As stated above, these standards are used for various purposes utilizing numerous analytical techniques, such as HPLC, TLC, GC, GC/MS, and other much more involved analytical techniques. However, they are not described as performance evaluation standards or faults/deficiencies detectors of the apparatuses. These standards are to be used to indicate deviation/variations in diameters of the glass capillary or HPLC columns, flow rate of mobile phase (gas or solvent) through columns, temperatures of oven or enclosures of columns, or the training/expertise of the analysts. It is usually understood that if the apparatuses are operating under their expected physical and operational specifications in the hands of experienced and trained analysts, then their output using RS would be exactly as described in the certificate of analyses. If not, then necessary corrective measures are to be taken, which may or may not be relevant to the technique itself. For example, purity or composition of the mobile phase and the instability of electric current may cause out-of-spec results or apparatus performance. This does not mean that the RS will become a performance evaluation procedure for solvent purity or stability of electric current or related circuit boards.
With this background, if one sees the current practices of Performance Verification Test or Tablets (PVT), which are also marketed by the USP as Dissolution RS Tablets, these tablets do not appear to meet the requirement of a reference standard.
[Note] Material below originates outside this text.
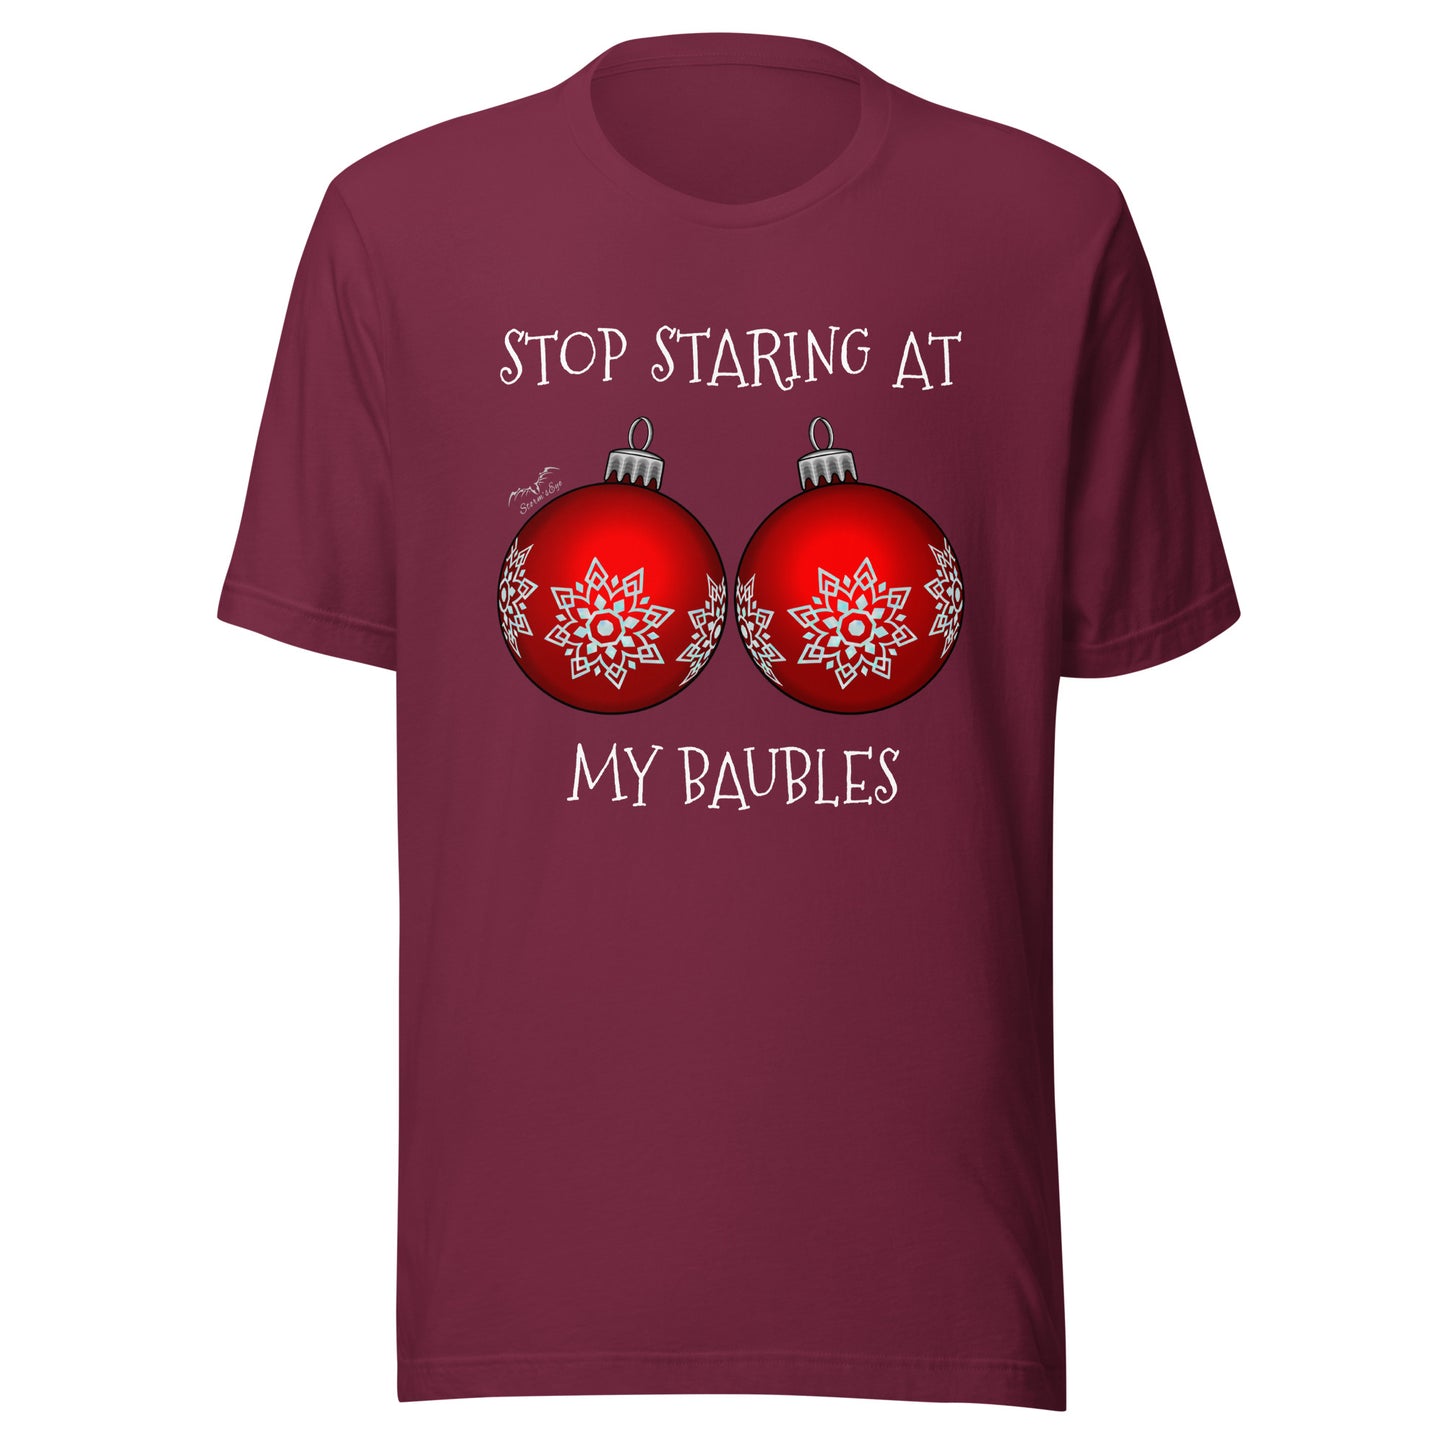 stormseye design stop staring baubles christmas T shirt, flat view maroon red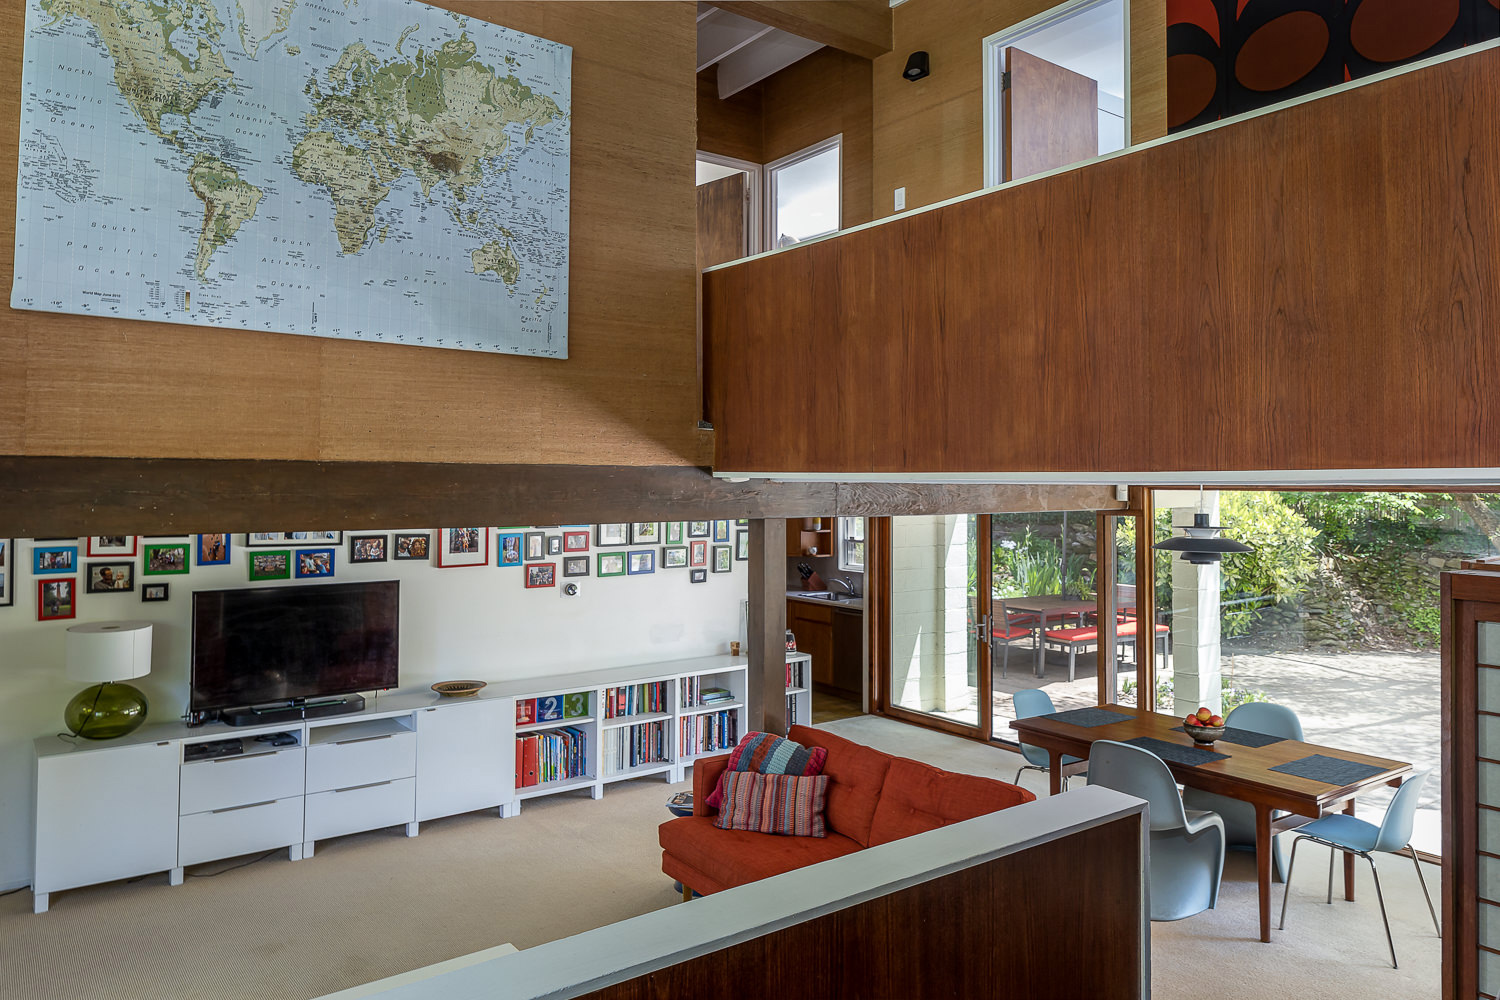 Midcentury style is alive and well Carner House – a $450k home in Philadelphia

The reasons are: (1) Dissolution RS Tablets release values are not independently determined. The values are set using the apparatuses, which are then assessed by the use of these tablets. (2) The RS tablets have different values for different apparatus (e.g., Basket and Paddle). PVT must have the same values for all commonly referred apparatuses, Basket, Paddle, Reciprocating, Flow-through, and any other apparatus or technique suggested in the future. This is similar to the current practices for other RS standards, which are expected to provide the same results (purity) whether tested by UV, TLC, HPLC, GC, etc. (3) These PV Tablets do not have desired outcome characteristics. As the dissolution testers are used to establish potential drug release quality/characteristics of products in humans, the RS tablets should have known release characteristics in humans independently determined, e.g. based on pharmacokinetic studies. (4) Similarly, the RS Tablets should also be from an approved product for human use and within its shelf-life duration.
It is hoped that the suggestion will help develop improved RS Tablets and alleviate the difficulties one faces in using current Performance Evaluation Tablets.
In the absence of appropriate RS tablets, one may evaluate and establish operational parameters of the apparatus based on relative dissolution testing. In this case, one may analyze two products of know release characteristics in humans of the same API product, such as IR and ER. Both products should provide differential drug release characteristics within their recommended (prescription) dosage intervals. Based on such testing, the operational parameters of the apparatuses are set (fixed), which would be used for testing the test product. The product(s) used to establish or determine the operating parameters for the apparatuses would become the RS Tablets.